DATA SECTION:
──────

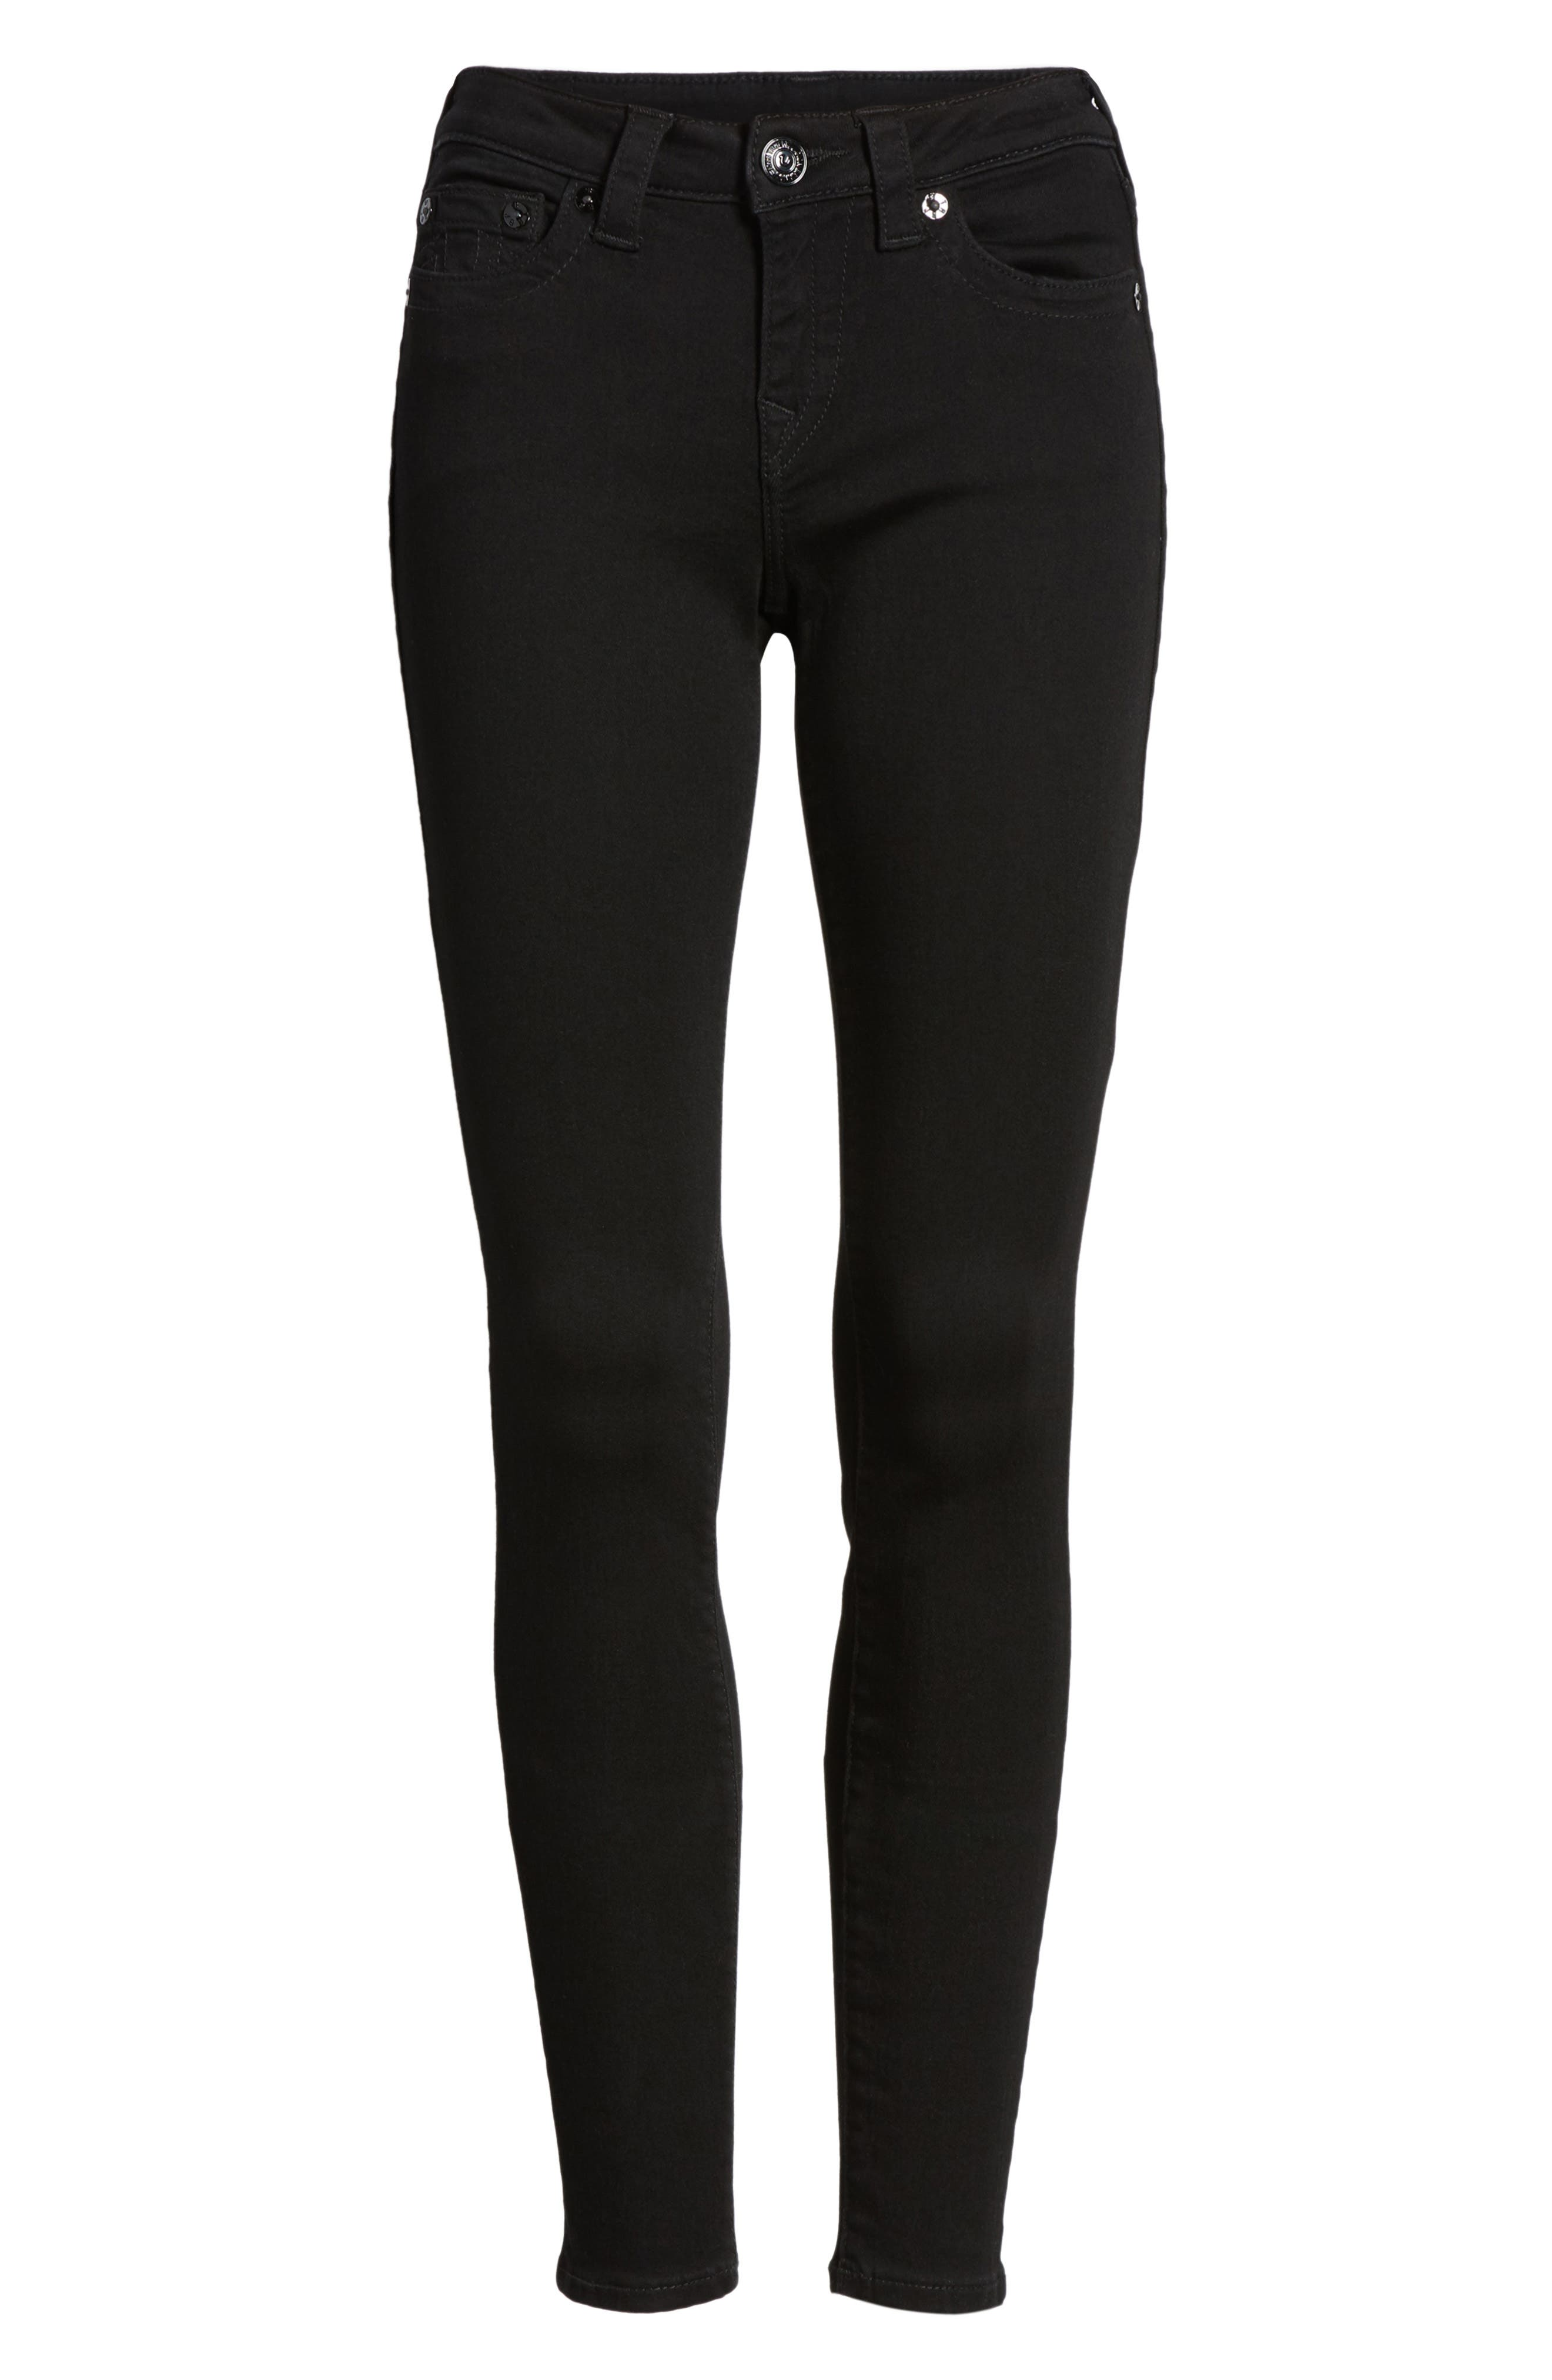 Halle Super Skinny Jeans,                             Alternate thumbnail 6, color,                             Way Back Black
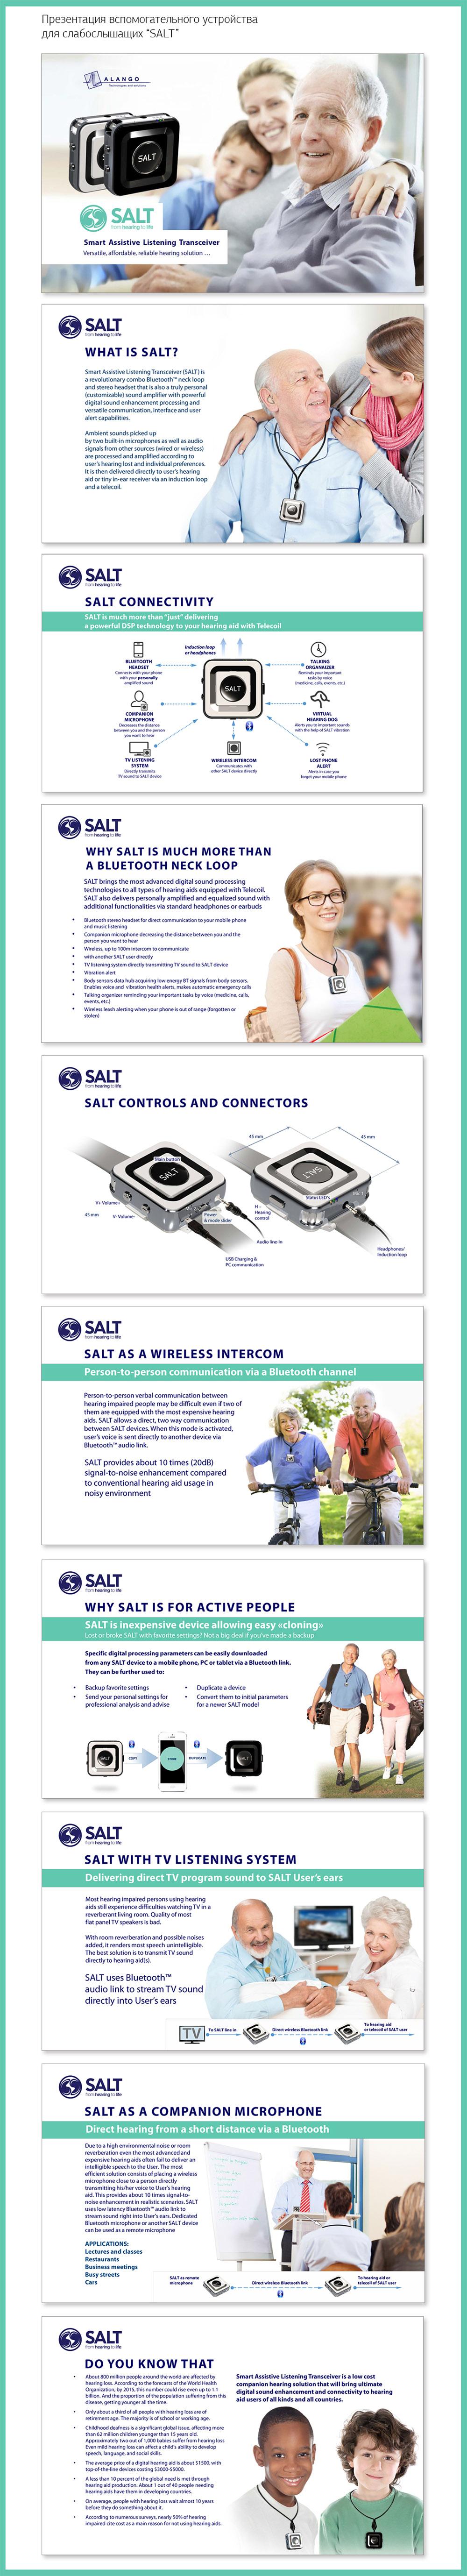 """Презентация вспомогательного устройства для слабослышащих """"SALT"""""""
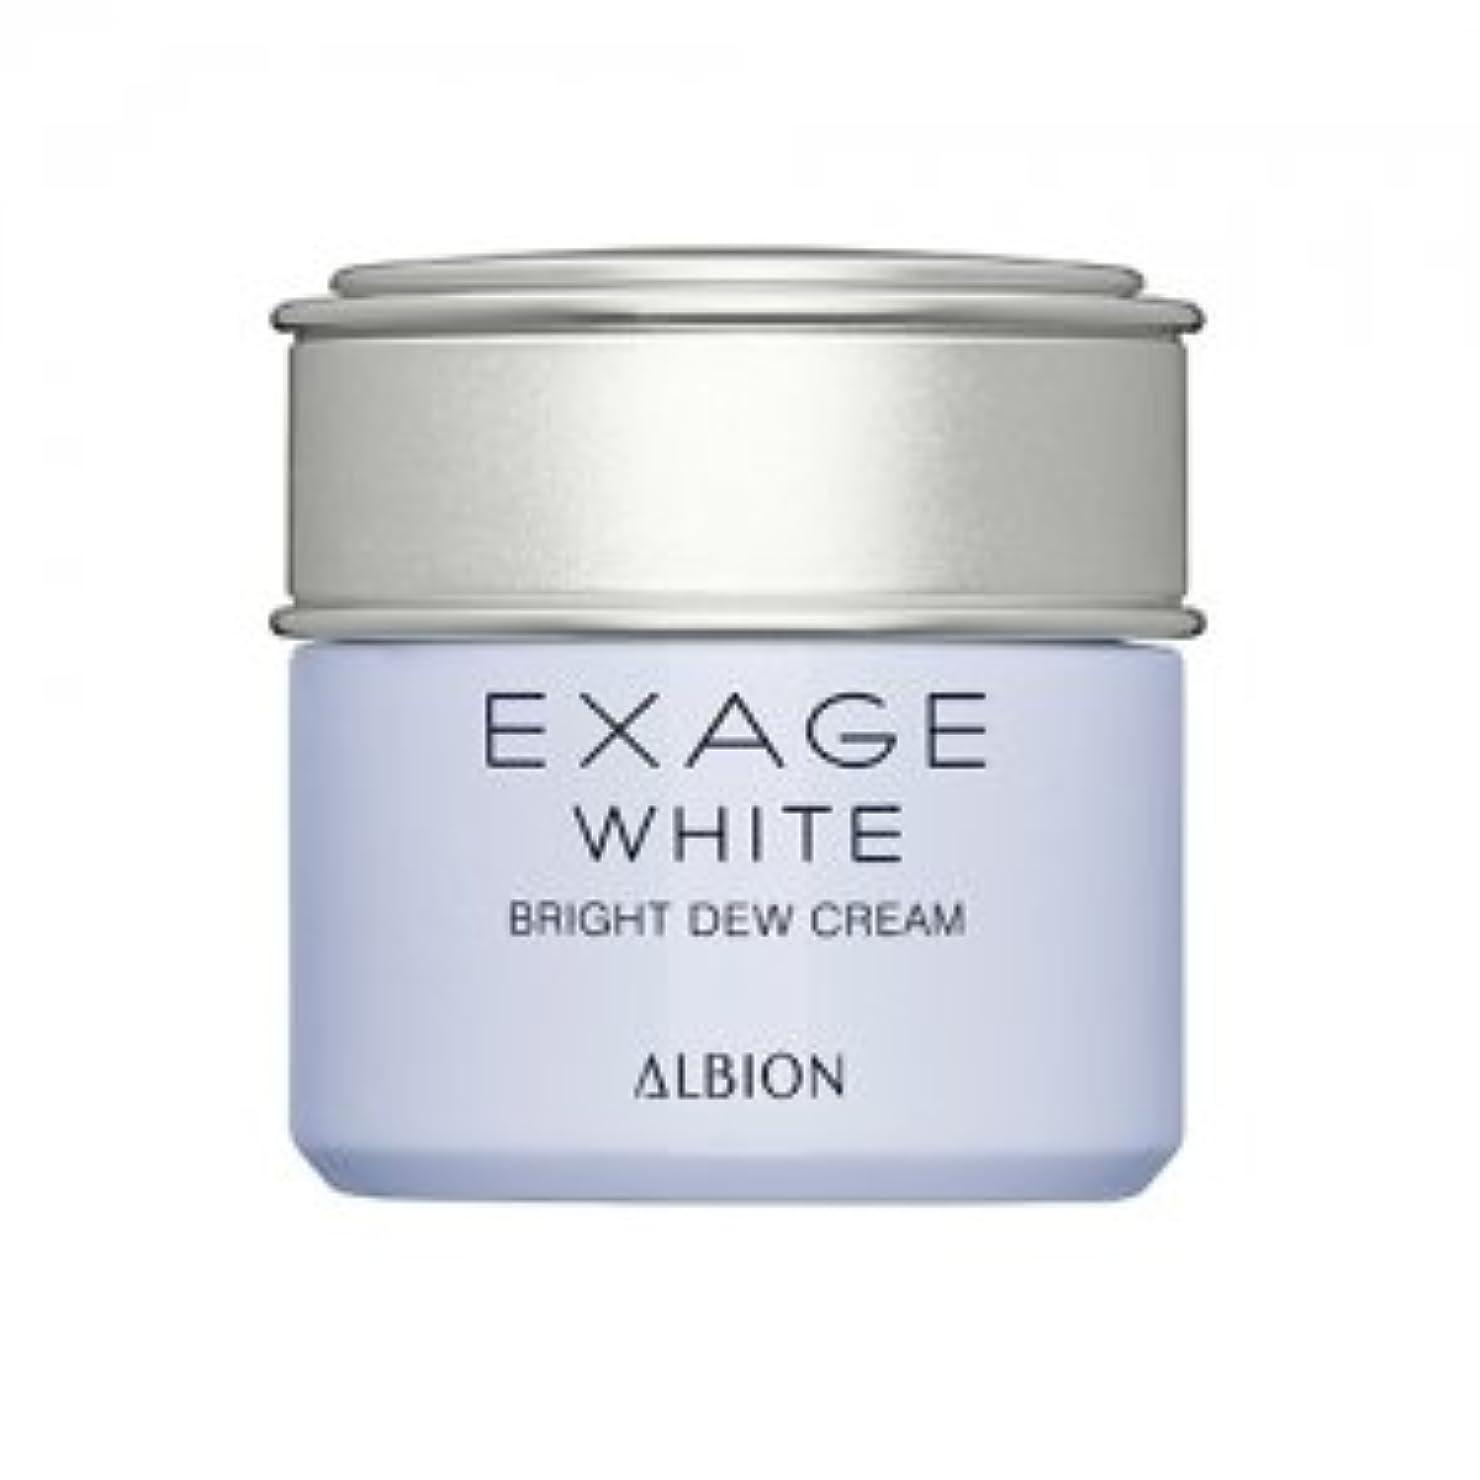 ファンブル試してみる夕方アルビオン エクサージュホワイト ホワイトセルラー クリーム 30g 薬用美白クリーム

──────

PROBLEM STATEMENT:
Every line above must appear in the answer unchanged, and no picture may appear in it.

REPLY:
 Halle Super Skinny Jeans,                             Alternate thumbnail 6, color,                             Way Back Black
 """Презентация вспомогательного устройства для слабослышащих """"SALT"""""""
 ファンブル試してみる夕方アルビオン エクサージュホワイト ホワイトセルラー クリーム 30g 薬用美白クリーム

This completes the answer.